おはようございます。
今日は、組合員3名を、無許可ビデオ撮影等を理由に解雇したことを不当労働行為とした初審命令が維持された事案を見てみましょう。
木村建設事件(中労委令和2年7月1日・労判1234号102頁)
【事案の概要】
本件は、組合員3名を、無許可ビデオ撮影等を理由に解雇したことを不当労働行為にあたるかが争われた事案である。
【労働委員会の判断】
不当労働行為にあたる
【命令のポイント】
1 組合は、基本的に、団体交渉を申し入れる際は、動画を撮影する方針で臨んでおり、これは言った言わないという争いになる事態を避けるとともに、組合員の行動に規制をかけるために組合の内部資料として撮影しているとされるものである。この方針の目的に一定の合理性がないとまではいえない。

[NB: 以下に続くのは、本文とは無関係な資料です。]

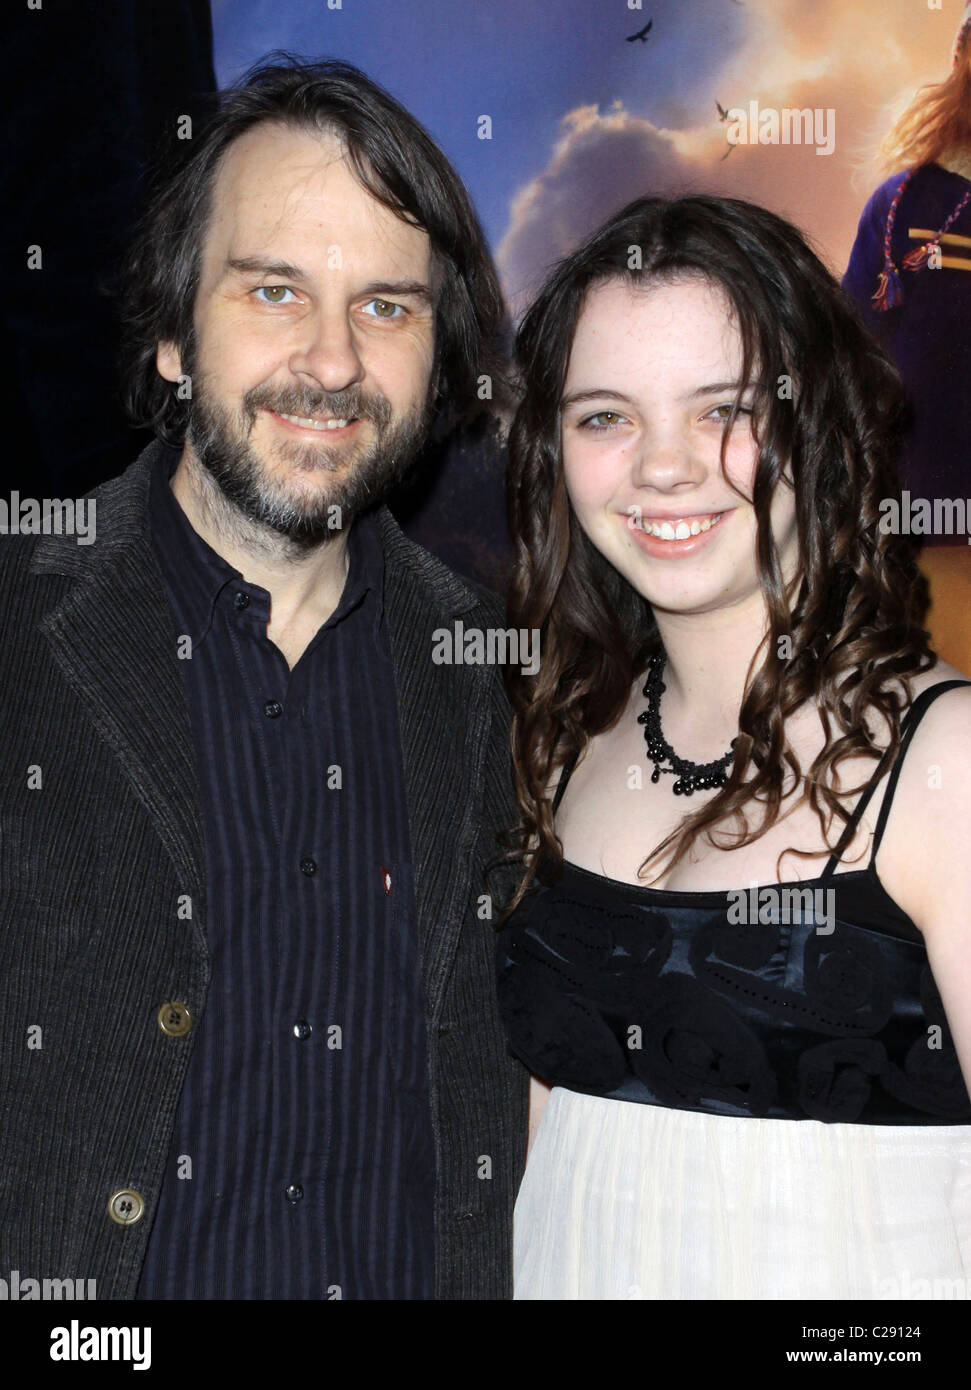 Peter Jackson and his daughter Katie Jackson The Hollywood premiere of 'The Lovely Bones' held at Grauman's Chinese Theatre - Stock Photo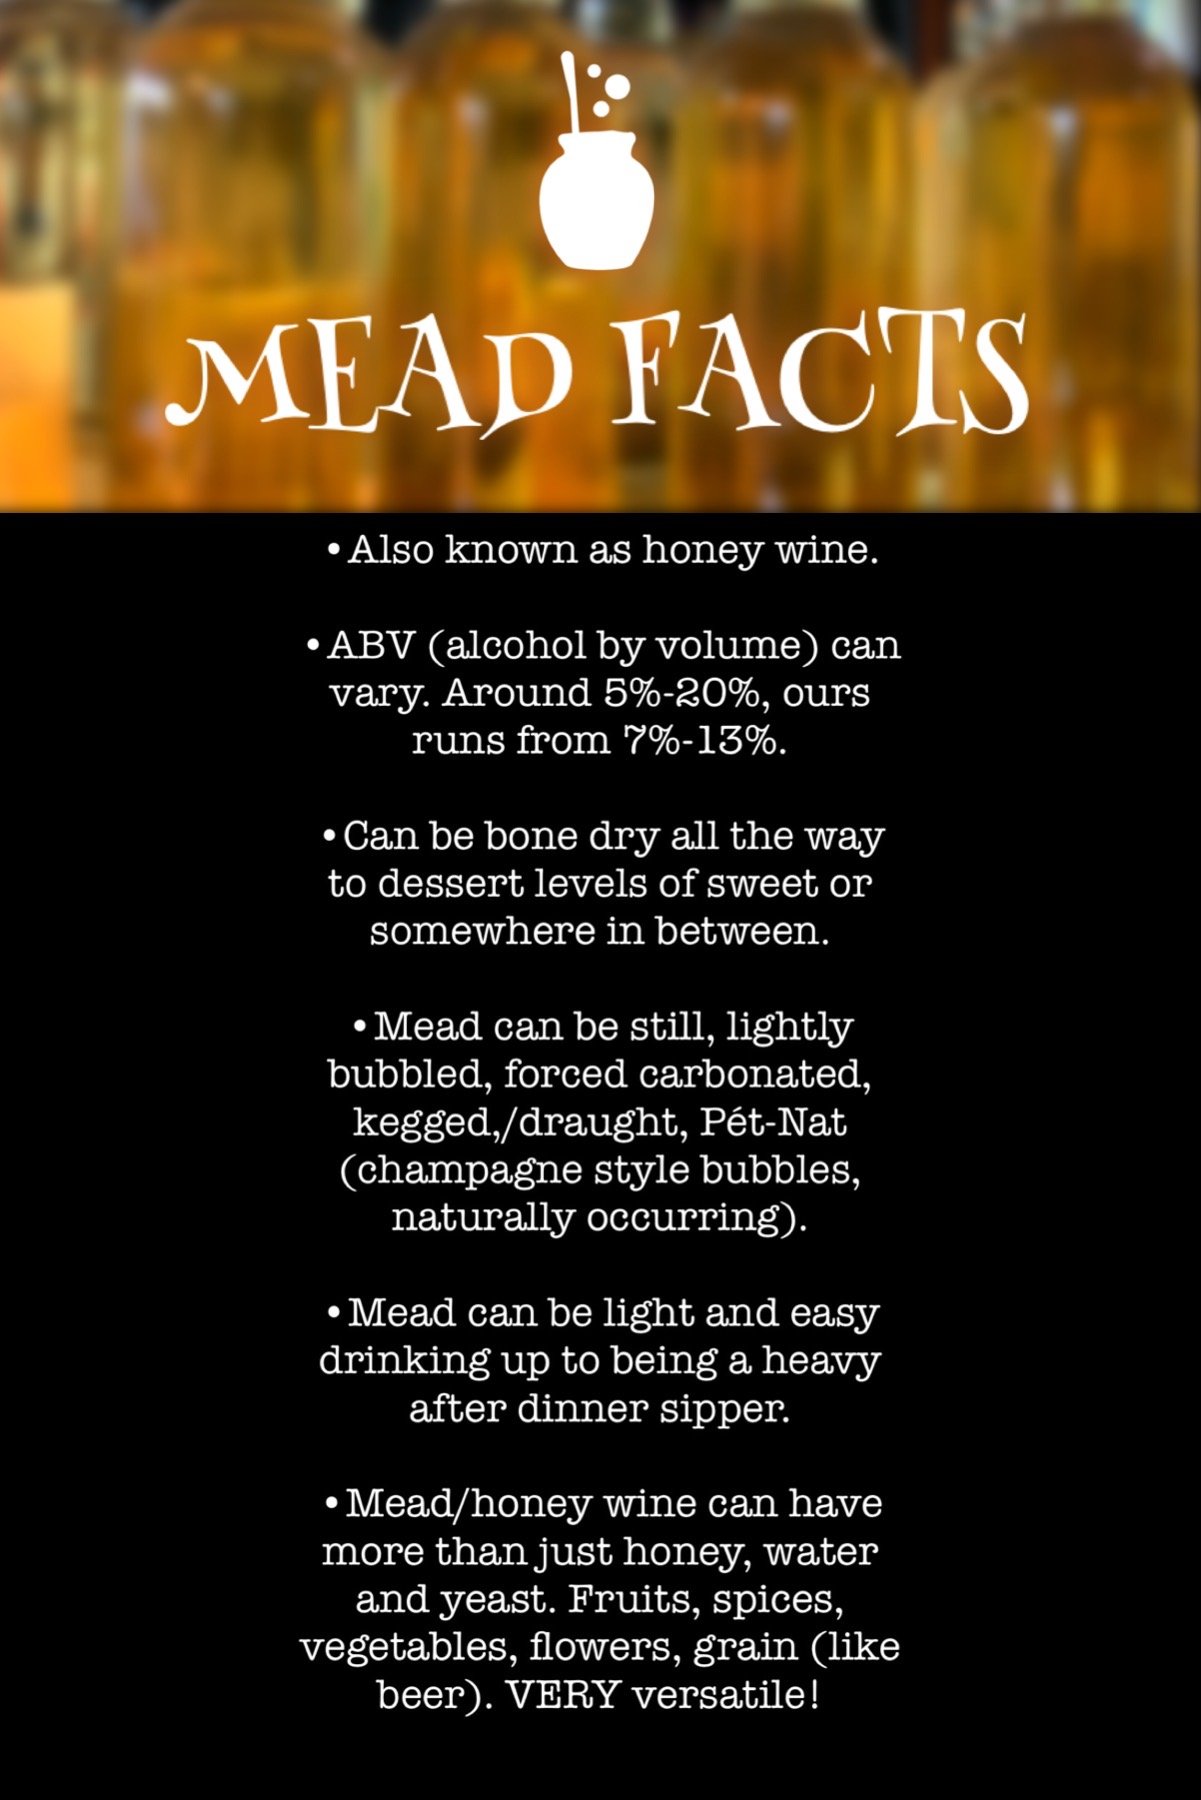 Mead Facts.JPG

2 7月30日付け申入れ後、会社による不当労働行為が度重なっており、組合員らは、更なる不当労働行為が更なる不当労働行為が行われる可能性のある状況において、これを警戒し、不当労働行為が行われた際の記録を残して自らの身を守ろうと考えて会話の秘密録音を行ったものであり、緊急避難的な対応としてやむを得ないものであったといえる。秘密録音は、会社の業務上の秘密を漏えいさせることを目的としたものではなく、実際に漏えいの事実はなく、そのおそれがあったともいえない。
ここまでこじれてしまうと日常業務もままならない状況ではないでしょうか。
動画撮影や秘密録音の問題に対する対処法は、個々の事案によって異なりますので、顧問弁護士に相談をしながら対応しましょう。